The streak-necked flycatcher primarily inhabits humid montane forest in the upper tropical and lower temperate zones. It also occurs at the forest edges and in secondary forest. In elevation it ranges between 1500 and 2700 m in Colombia, mostly between 1500 and 2500 m but locally lower in Ecuador, between 1700 and 3100 m on the west slope in Peru, and between 500 and 3300 m though mostly between 1000 and 2400 m on the east slope in Peru.

==Behavior==
===Movement===

The streak-necked flycatcher is a year-round resident.

===Feeding===

The streak-necked flycatcher feeds on insects and small fruits. It forages in bushes, thickets, and trees from the forest's understory to its sub-canopy. It typically perches upright on a branch and makes short sallies to hover-glean prey from leaves and twigs. It also sometimes takes flying prey on the wing.
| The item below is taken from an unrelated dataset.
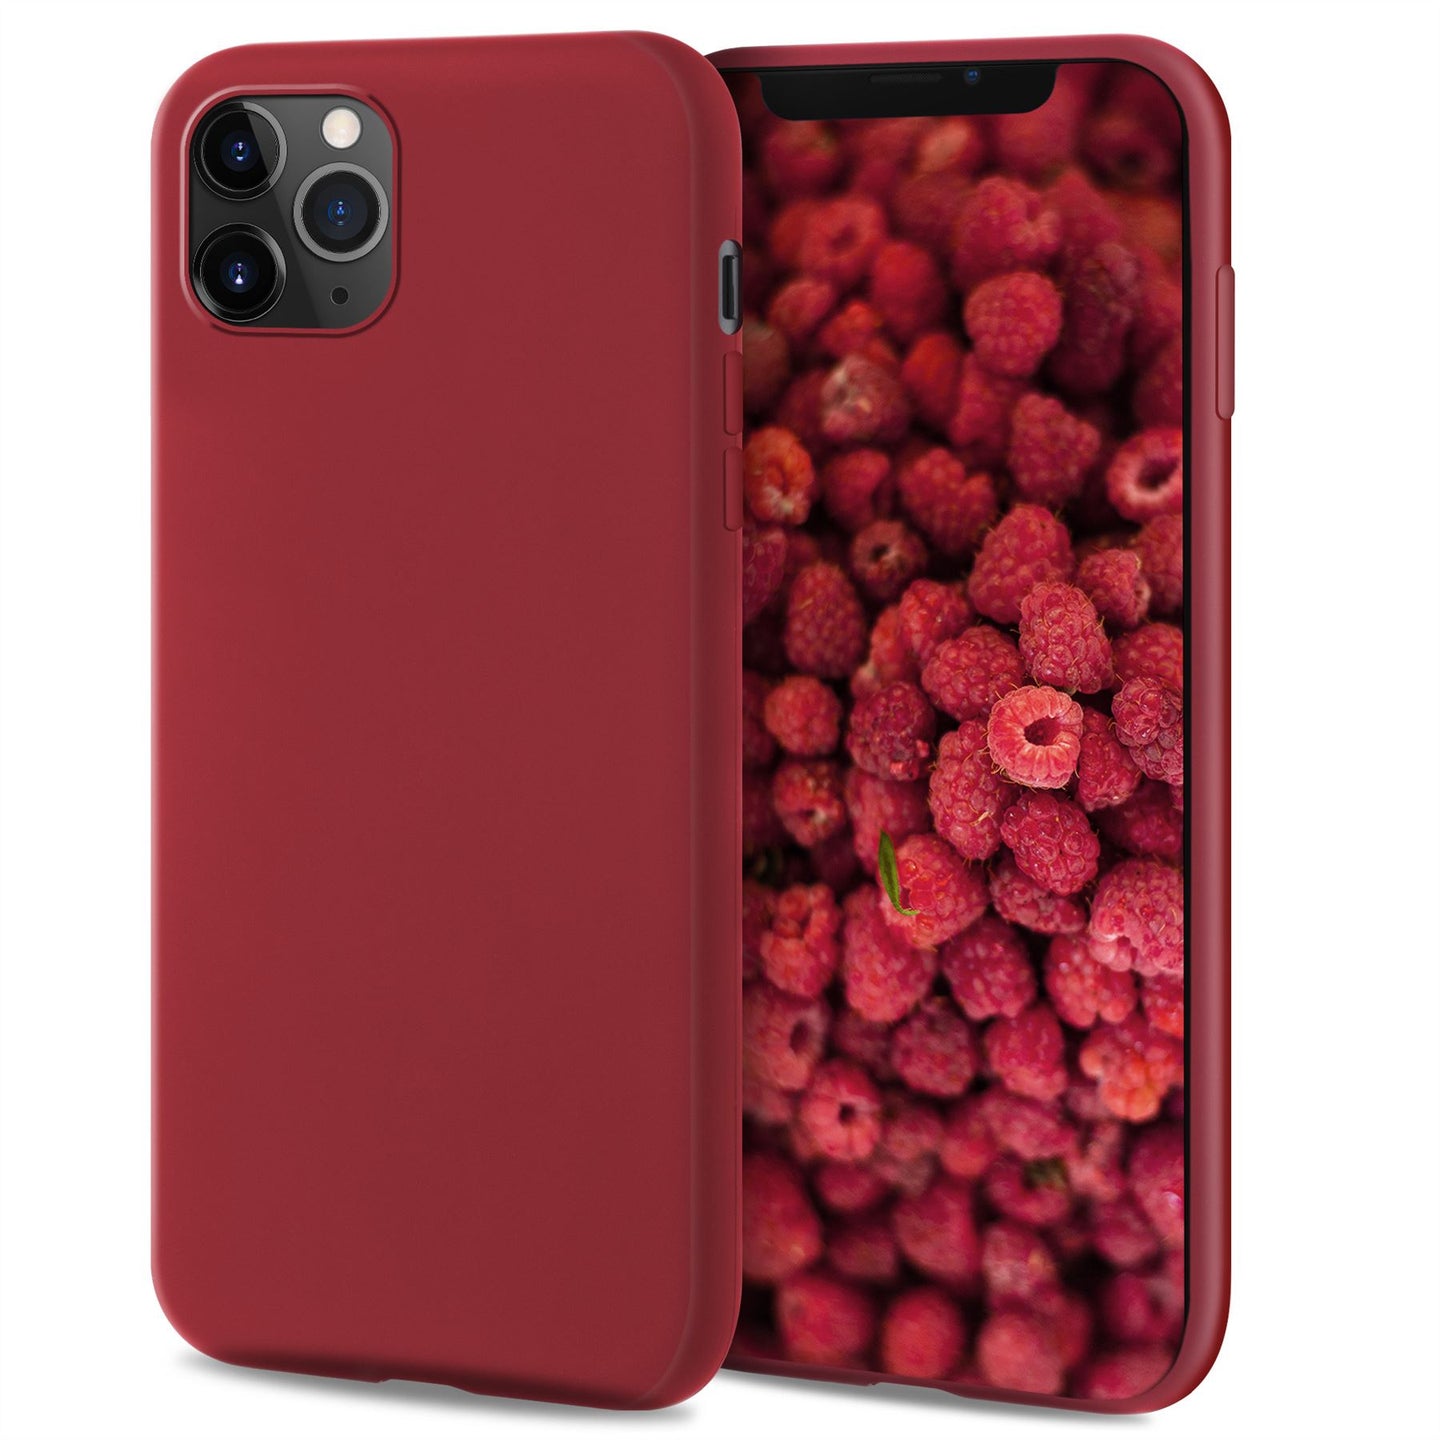 Moozy Lifestyle. Designed for iPhone 12, iPhone 12 Pro Case, Vintage Pink - Liquid Silicone Cover with Matte Finish and Soft Microfiber Lining

It typically forages singly and occasionally joins a mixed-species feeding flock.

===Breeding===

The streak-necked flycatcher's breeding season has not been fully defined, but includes January to April in Colombia and September to December in southern Peru. Up to six males display to females at a lek; they sing and swing their head in synchrony with the song. The species' nest is a hanging bag with a side entrance made from plant fibers and moss lined with seed down and dry moss. Strands of the outer matrix often dangle below the bag. The nest is typically hung from a vine or twig between about 0.8 and 3 m above the ground and often near a watercourse. The clutch is two or three eggs. The incubation period is about 19 days and fledging occurs about 18 days after hatch.

===Vocalization===

The streak-necked flycatcher apparently sings almost solely at the lek. Its song is variously described as "a series of rhythmic, squeaky notes" and as "a melancholy, squeaky, rising-falling note" urrEEew".

==Status==

The IUCN has assessed the streak-necked flycatcher as being of Least Concern. It has a large range; its population size is not known and is believed to be decreasing. No immediate threats have been identified. It is considered "widespread" in Peru, "common" in Colombia, and "fairly common but inconspicuous" in Ecuador. It occurs in protected areas throughout its range.